Dataset content:

▬▬▬▬▬▬

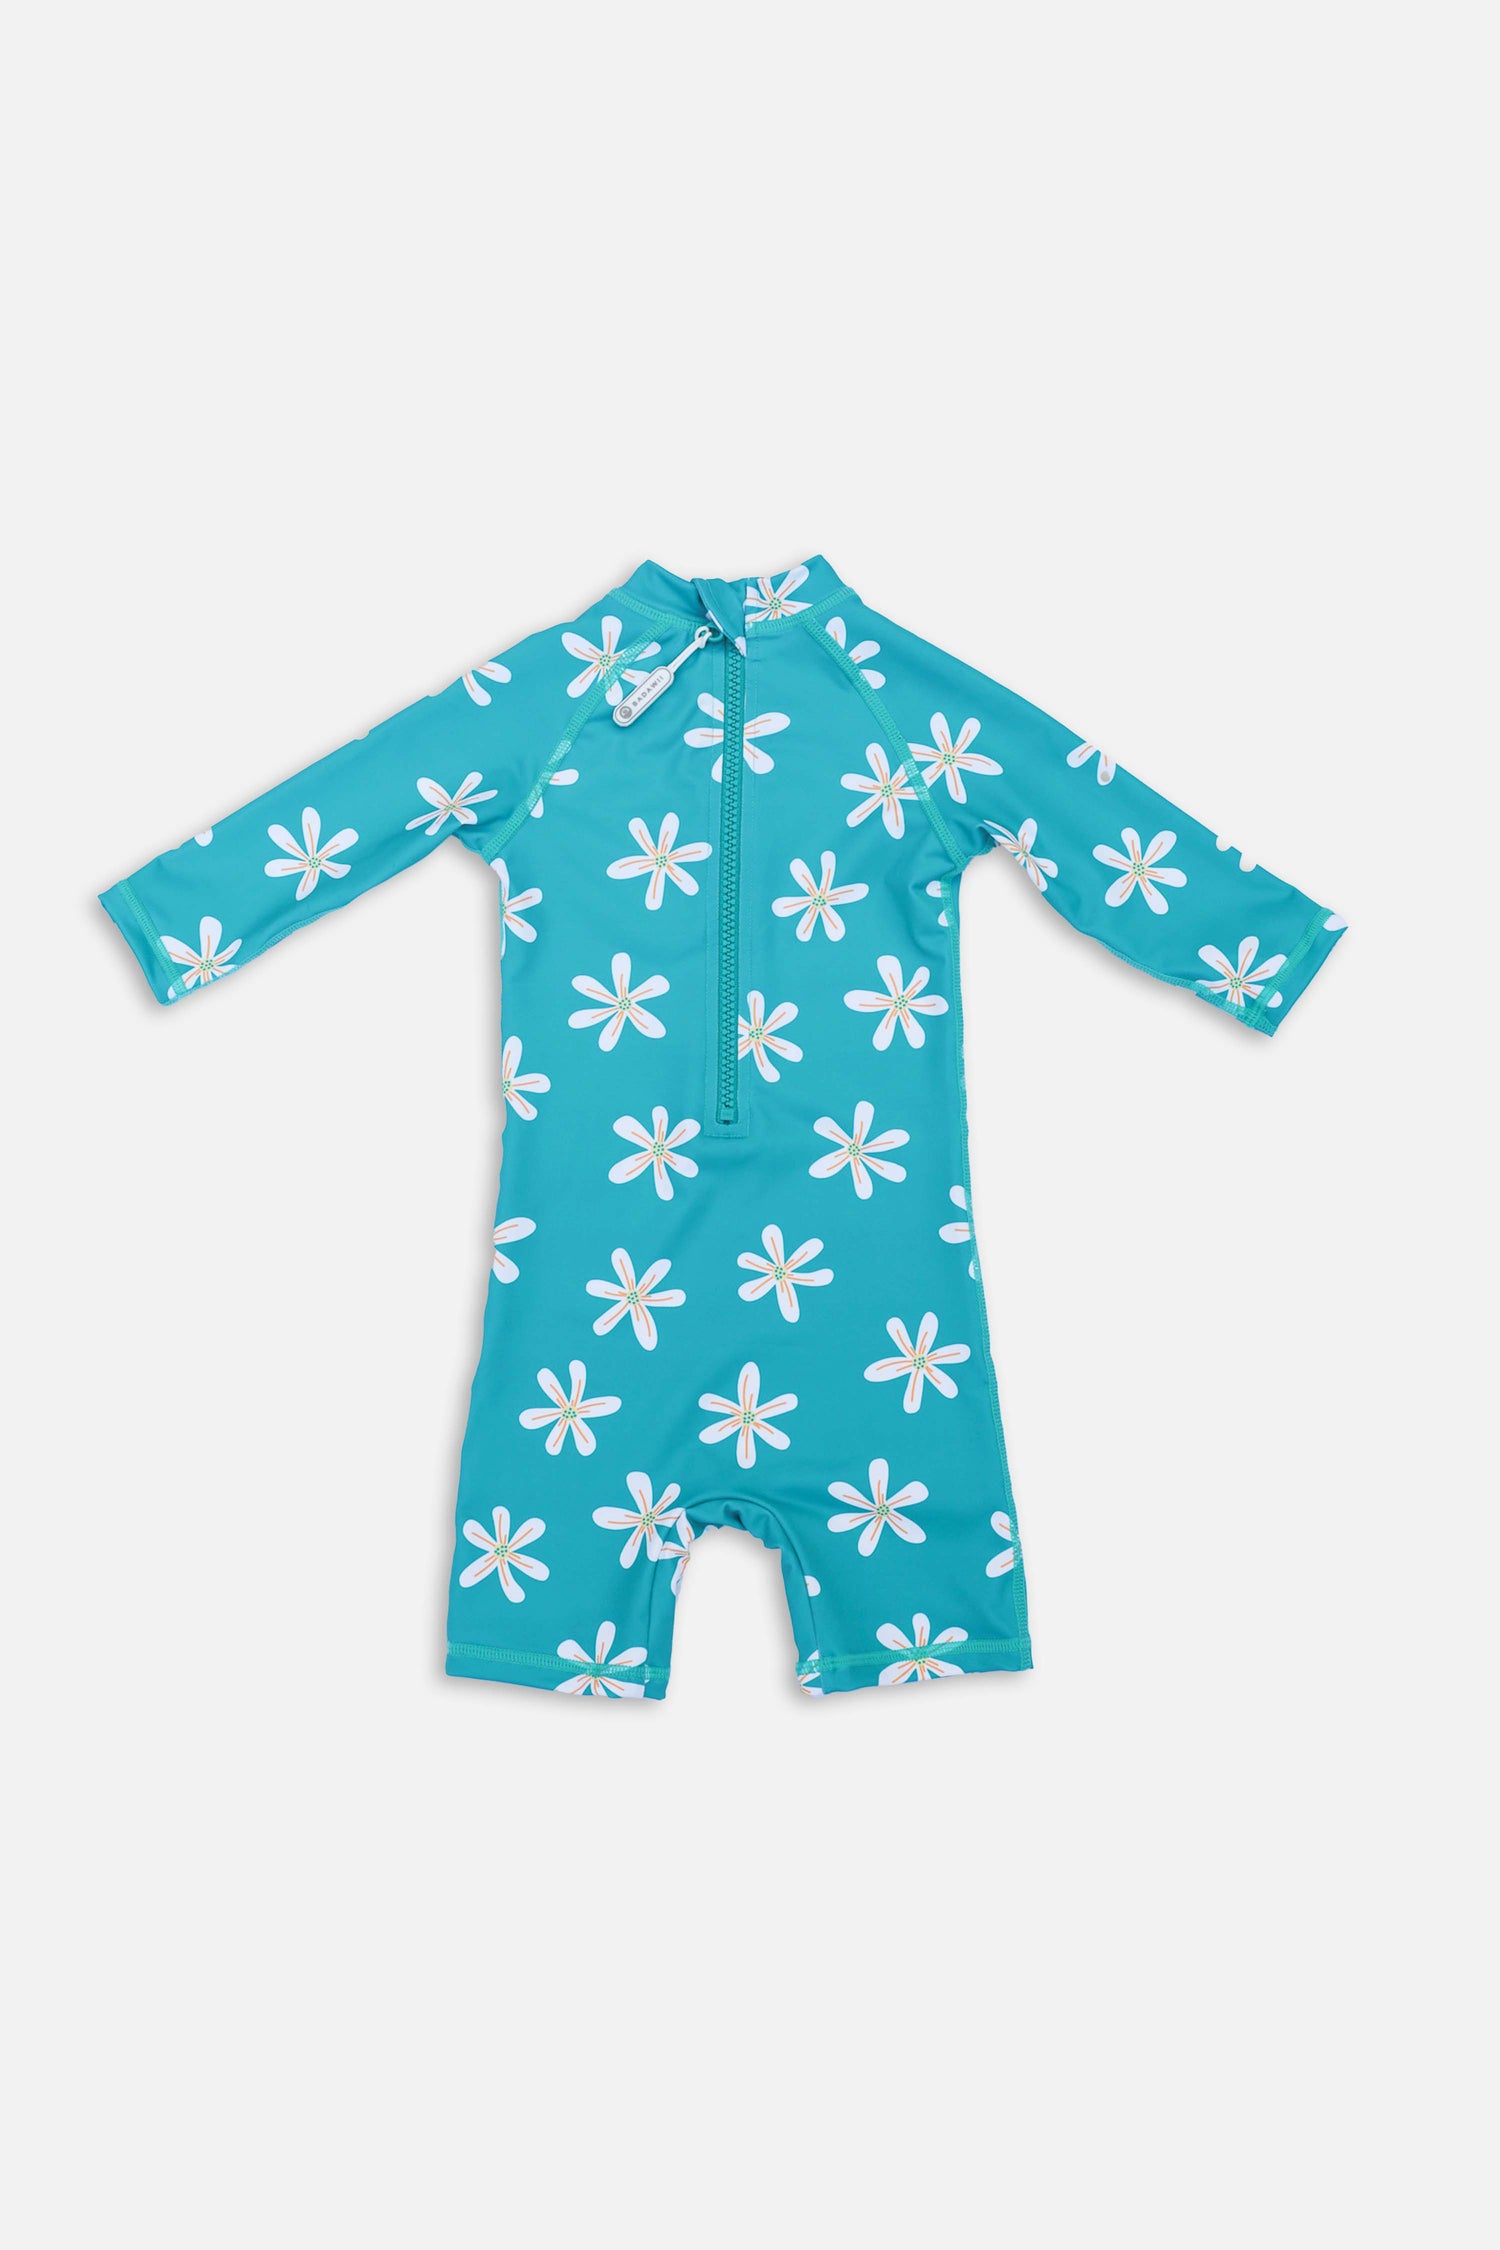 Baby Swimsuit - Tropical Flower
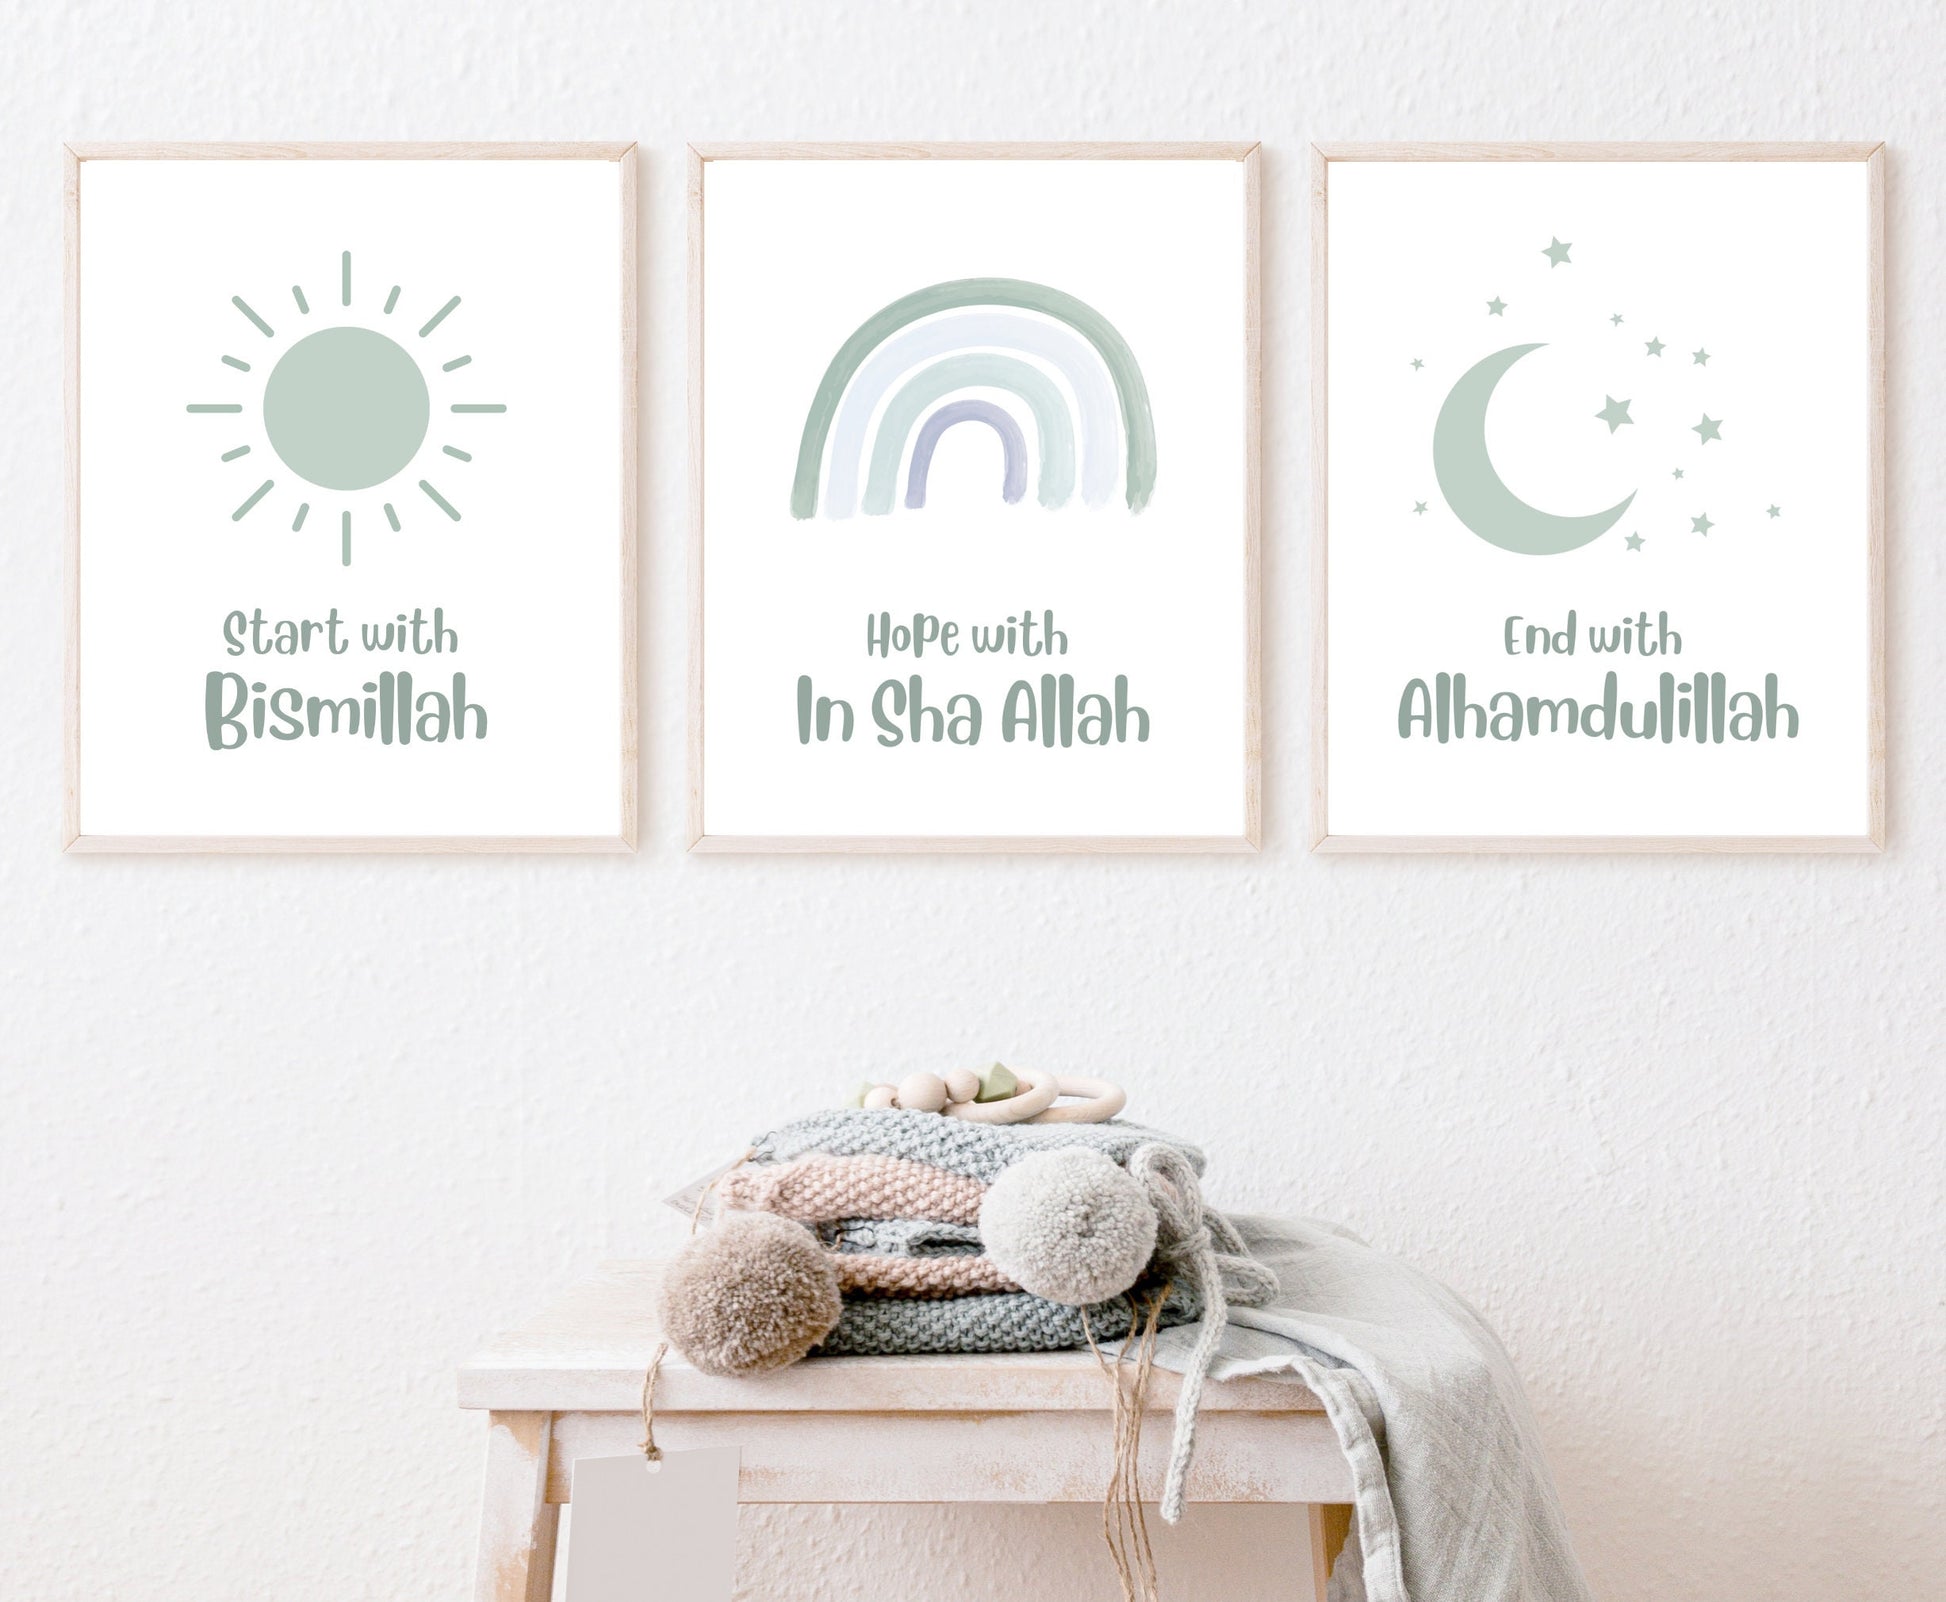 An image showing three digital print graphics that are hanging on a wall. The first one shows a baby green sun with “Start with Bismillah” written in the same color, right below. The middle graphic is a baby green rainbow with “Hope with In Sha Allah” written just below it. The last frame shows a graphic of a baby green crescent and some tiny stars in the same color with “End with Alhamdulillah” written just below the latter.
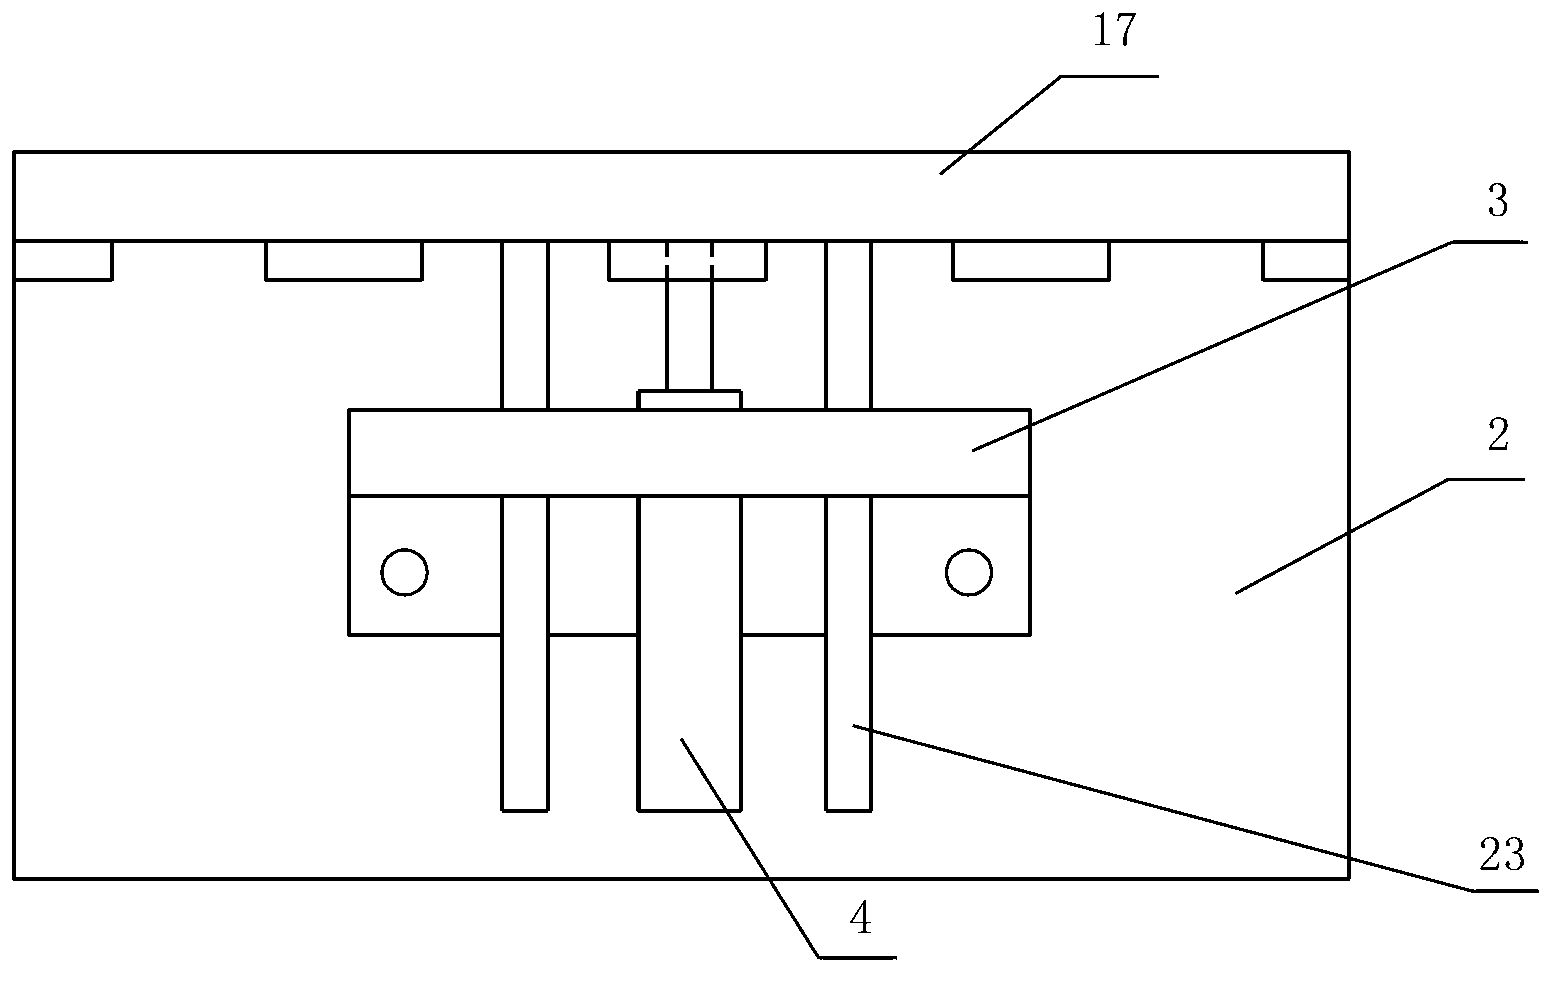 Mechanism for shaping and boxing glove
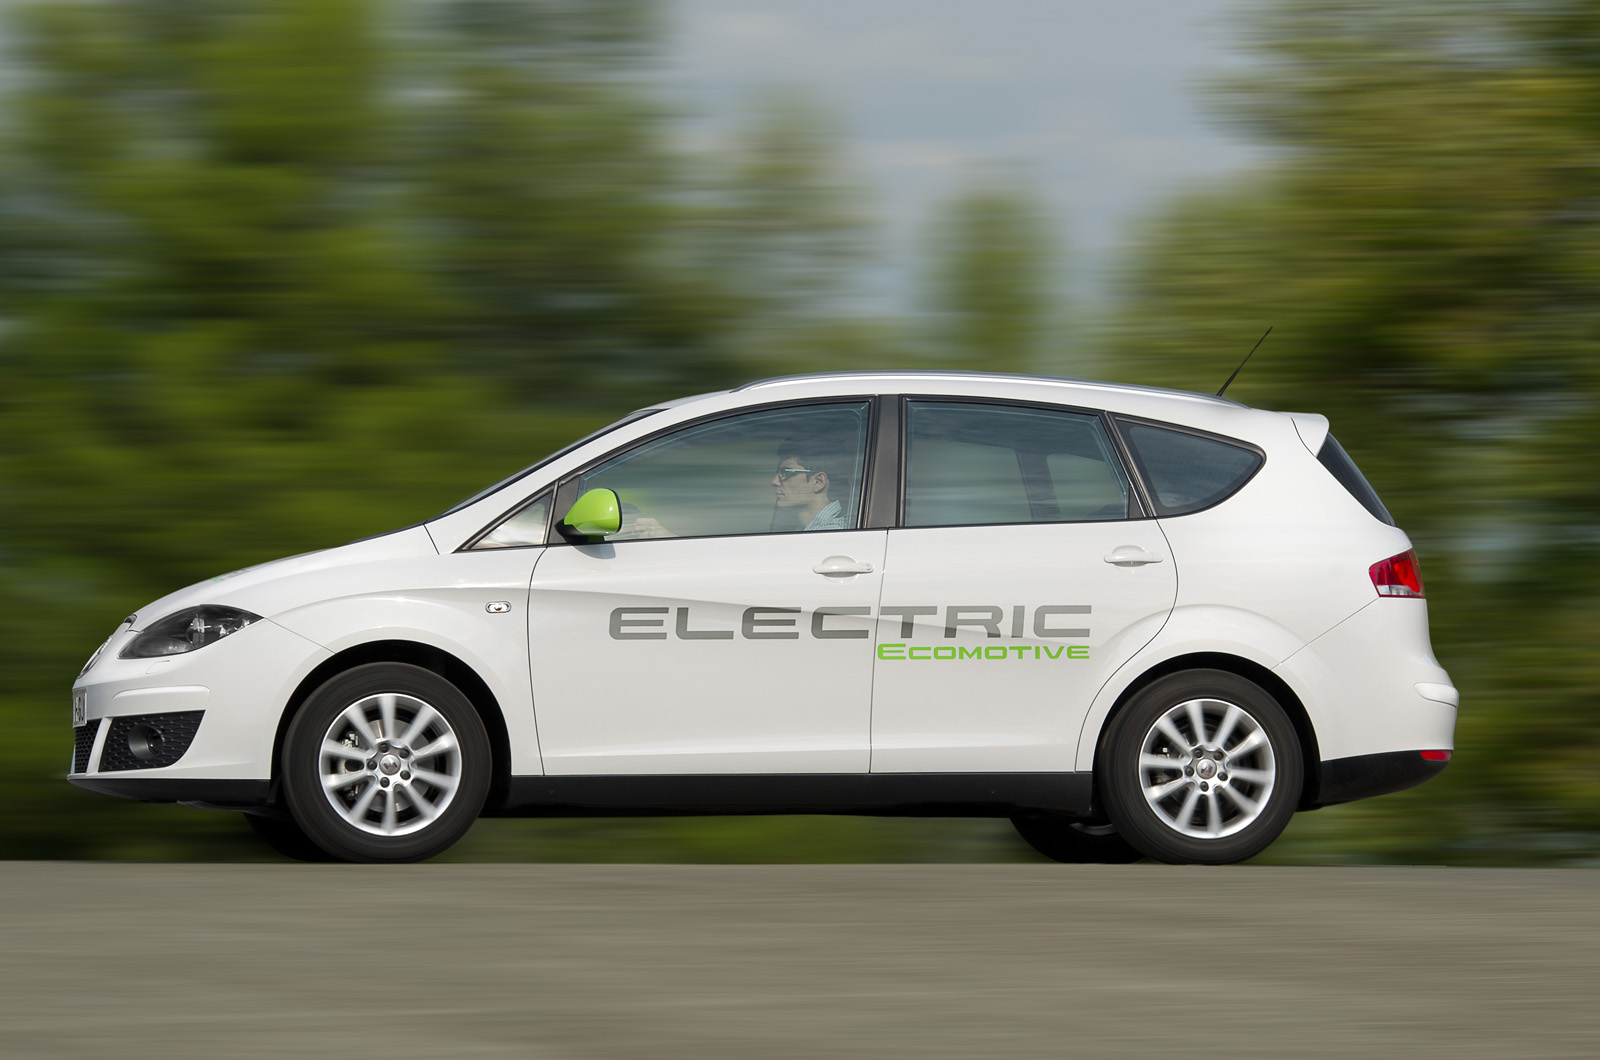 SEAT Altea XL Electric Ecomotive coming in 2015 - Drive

▬▬▬▬▬▬

Problem description: The data above must be given back verbatim, minus its images.

Output for this task:
 Baby Swimsuit - Tropical Flower
 An image showing three digital print graphics that are hanging on a wall. The first one shows a baby green sun with “Start with Bismillah” written in the same color, right below. The middle graphic is a baby green rainbow with “Hope with In Sha Allah” written just below it. The last frame shows a graphic of a baby green crescent and some tiny stars in the same color with “End with Alhamdulillah” written just below the latter.
 Mechanism for shaping and boxing glove
 SEAT Altea XL Electric Ecomotive coming in 2015 - Drive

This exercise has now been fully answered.